The game is played by either two or four people, if there are two people playing then each player takes two opposite colours, yellow and red vs green and blue. If there are four players then the players opposite each other become partners, so Yellow partners with Red, and Green partners with Blue.

To travel around the board two dice are thrown, players moving the amount shown on the dice, a six permitting an extra turn. To see who goes first each player throws the dice and whoever throws the highest starts.

Some rules have evolved for the throwing of dice including no rolling of the dice from an open palm (Waterfall Technique), only tossing using the fingers. However, these are not used universally. If the dice leave the board, the IPS (International Playing Surface), accompanied by the call of "off the IPS" three times within the game this can be punished by losing the go up to all pieces home depending on which rules are being played. Unless the opponents deem it to have been done on purpose (for example to avoided moving a blob or mixing) then they may permit a re-roll.
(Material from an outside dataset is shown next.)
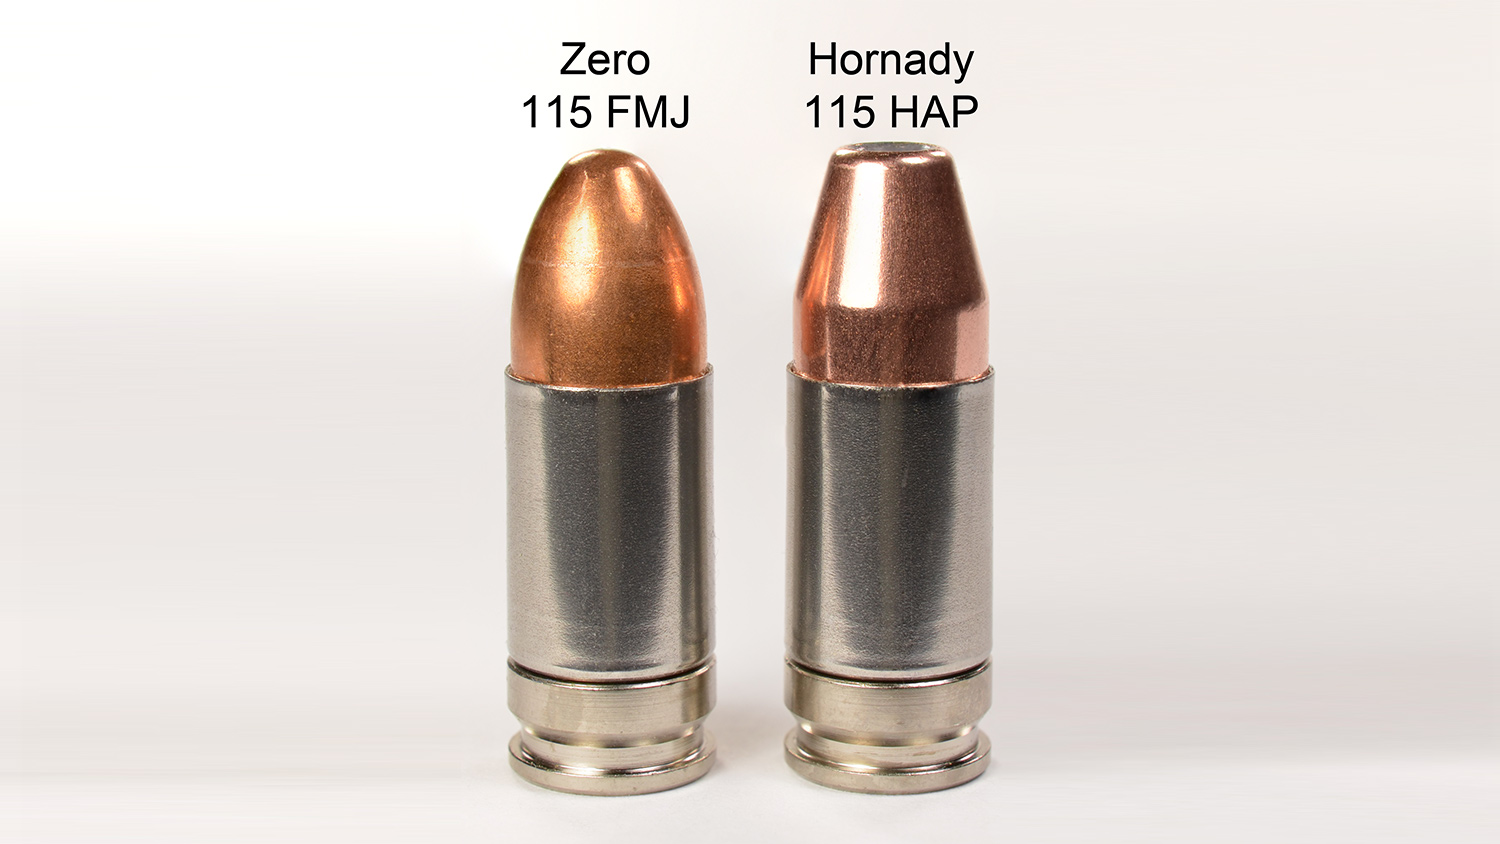 Two 9 Major loads: one with a Zero FMJ bullet and the other with a Hornady HAP bullet.

No Dice rigging (no setting both sides to sixes and picking them up. dice must be picked up as they landed during the previous throw).

In order to exit the player's base it is necessary for a six to be thrown, which results in putting a piece on the coloured square joining the base known as the doorstep.   However, if on the very first throw snake eyes (two ones) is thrown then all player (possibly partner's depending on which rules) pieces come out of the base onto the doorsteps - known as out all bits. Play then continues with the next player.  If on rolling snake eyes on the first throw a player again throws snake eyes on their second throw all of their pieces return to the base. Under WAFU Rules, a player must call "snake eyes" prior to his first roll to benefit from rolling two "ones". He cannot do this retrospectively. If playing with a partner, then only his pieces come out not his partners.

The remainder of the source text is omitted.